3. Don't feel bad in 20 years you'll see her and feel glad she broke up with you. 1973.
4. Other advice too.
 
My father taught me three things:
  • Here's a razor
  • Here's a razor blade
  • Here's some canned shave foam
That's it and left me to figure out the rest on my own.

He was like that for everything. When bird season started it was the same, here your shotgun and shells, that's it. At 13 I didn't know about leading the bird before pulling the trigger. I just pointed and shot. I collected a lot of feathers not many birds.

He was a big golfer too. So more of the same, here's a bag of clubs and a dozen golf balls and there's the course.
 
Nothing, but that was because I was 15 and knew everything.

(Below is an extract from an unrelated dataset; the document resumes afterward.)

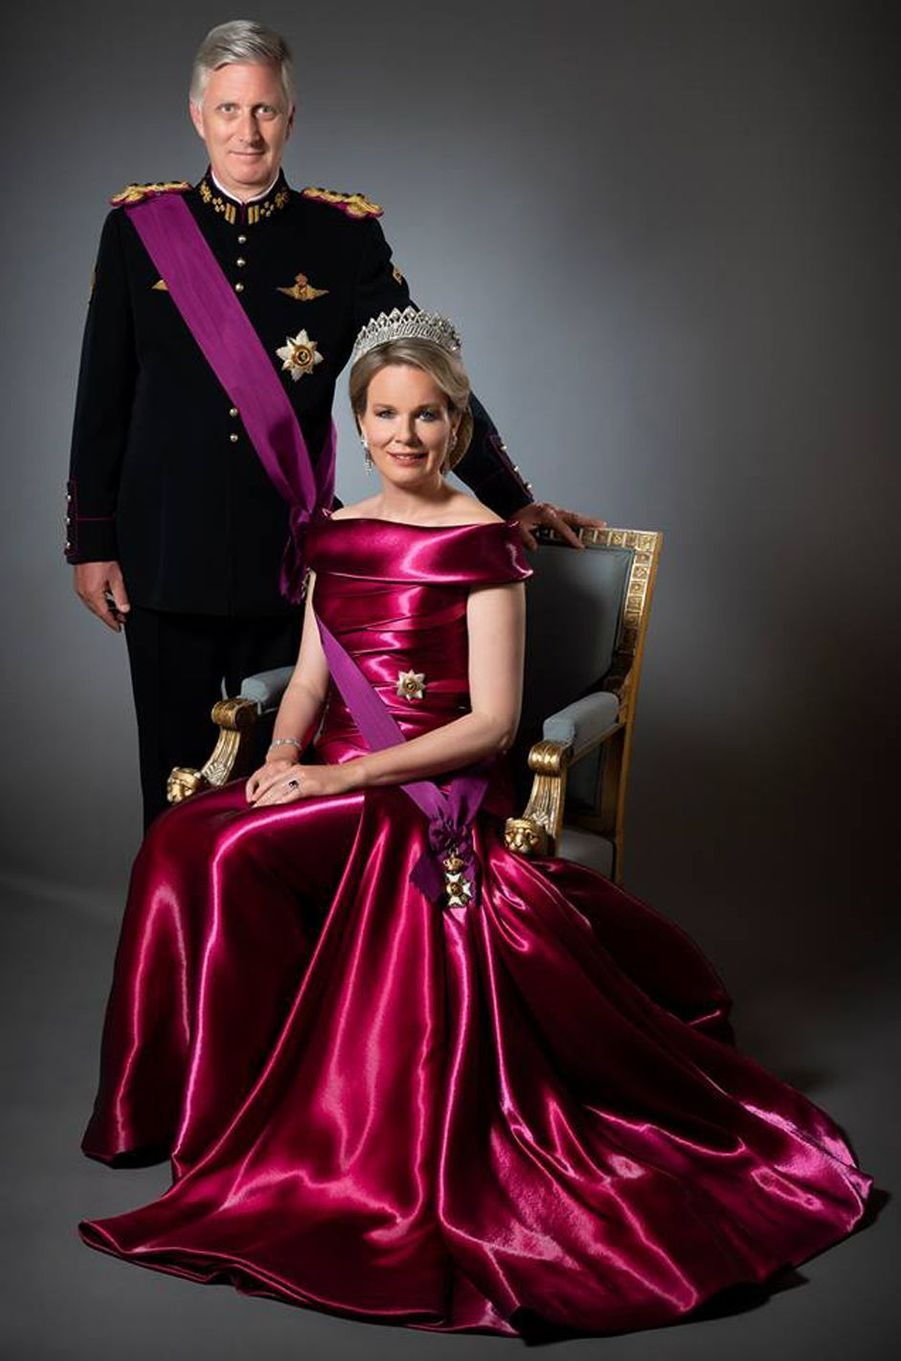 Nouveau portrait officiel de la reine Mathilde et du roi des Belges Philippe, dévoilé le 15 novembre 2018

He gave me some Barbasol canned shave cream and some Gillette Good Will disposables and offered to help me. I declined and he told me to try not to bleed too much :lol:. I bled a lot.
 
Self-taught, for clichéd GenX reasons...

At first I used a Wahl trimmer I'd found in the bathroom. And I do mean a hair trimmer, not an electric razor. I'd knock down any growth every couple weeks or so.
 
The only thing I can definitely remember was him telling me is that when you wash the soap off your face, use your fingers to check for stubble in spots you’ve missed.

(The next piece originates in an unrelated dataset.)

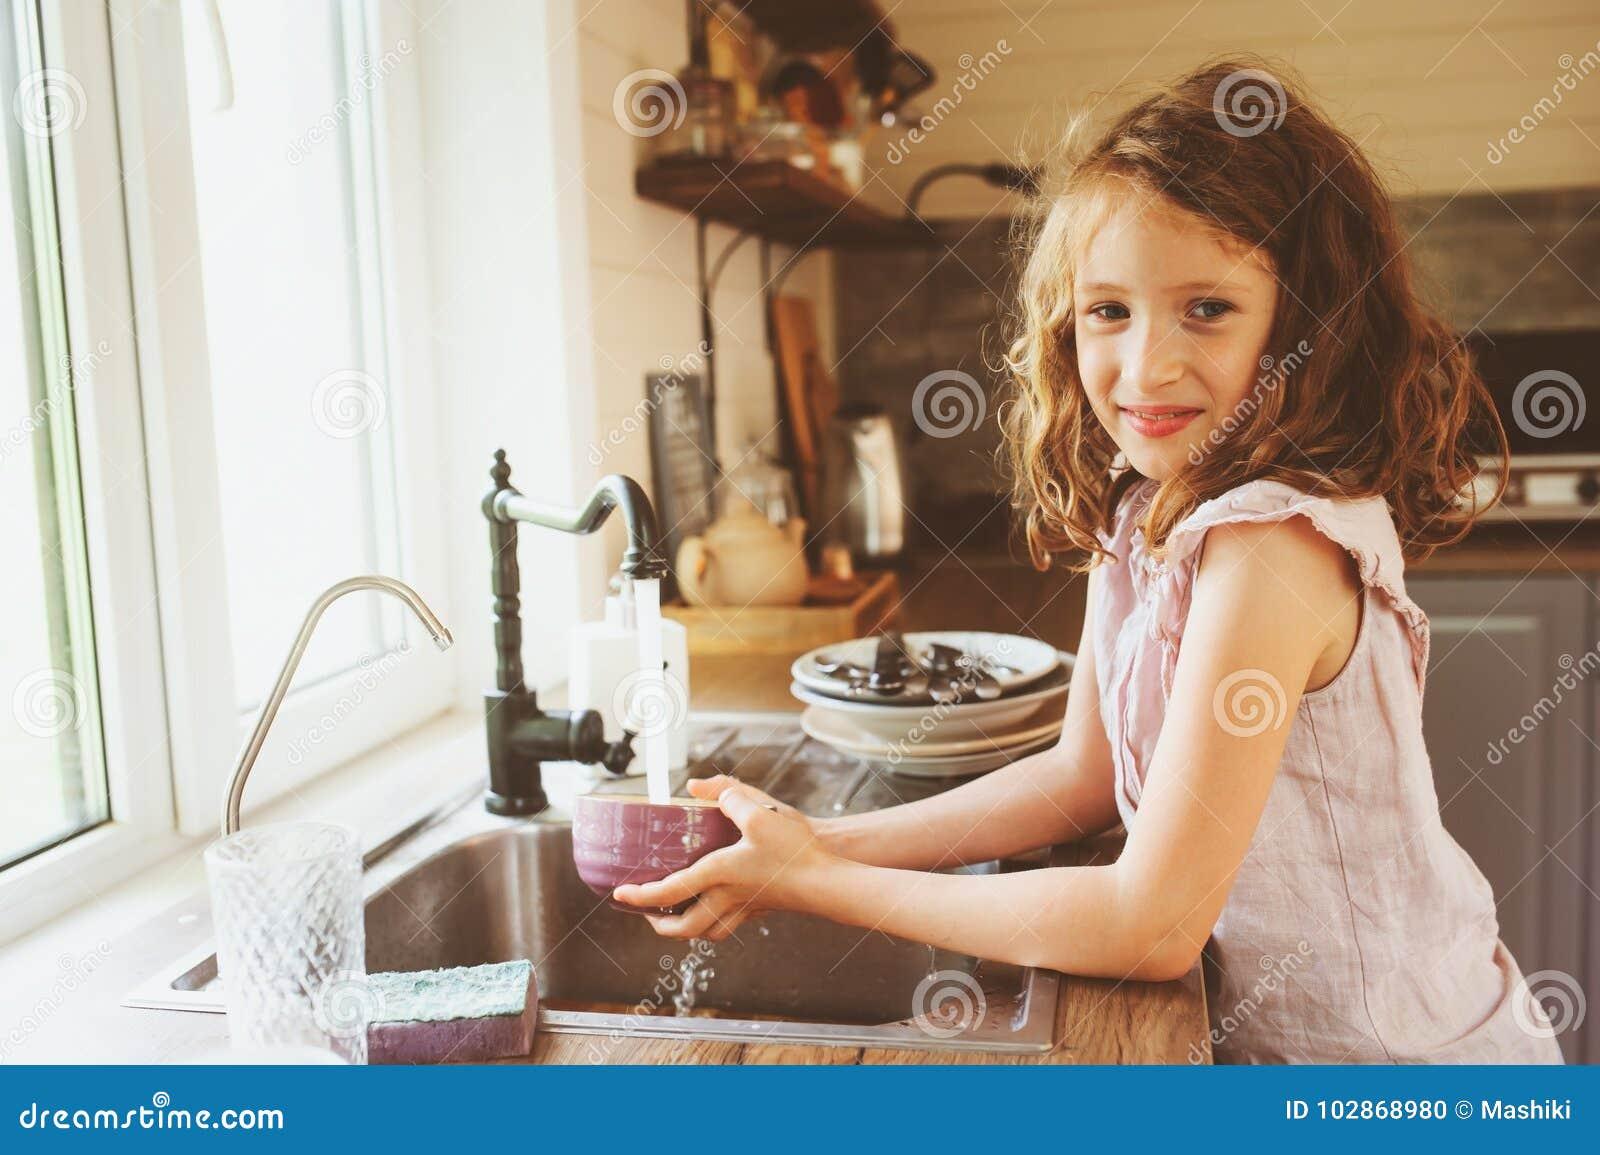 儿童女孩在厨房里在家帮助母亲和洗涤盘 在真正的内部的偶然生活方式

I don’t recall him saying anything at all about lathering and technique etc, although I’m sure he must have(?), but maybe he didn’t. I think I’ve posted on here before that he had a regimen that would give most B&B members conniptions. Throughout the 70s and 80s he had a cheap, wooden-handled brush that he used to lather up off the bar of Cusson’s Imperial Leather hand soap that was always on the sink. Most of the time, he wouldn’t even clean the brush, but just let it sit upright overnight and ‘reactivate’ the hardened bristles the following morning.
 
My father used an injector when I was very young, then switched to a Techmatic and lots of toilet paper. After a brief try with cartridges, he switched to a Norelco electric and was using that when I started to shave. What I learned from him was to stay the hell away from Techmatics.
 
Dad and both grandpas used electrics. At some point in highschool, my mom looked at me funny and asked if I wanted to start shaving. She got me a little electric. I don't recall asking for or needing any assistance. I think one of my grandpas got me a nicer electric later that year. I don't think the topic of shaving has ever come up with my dad.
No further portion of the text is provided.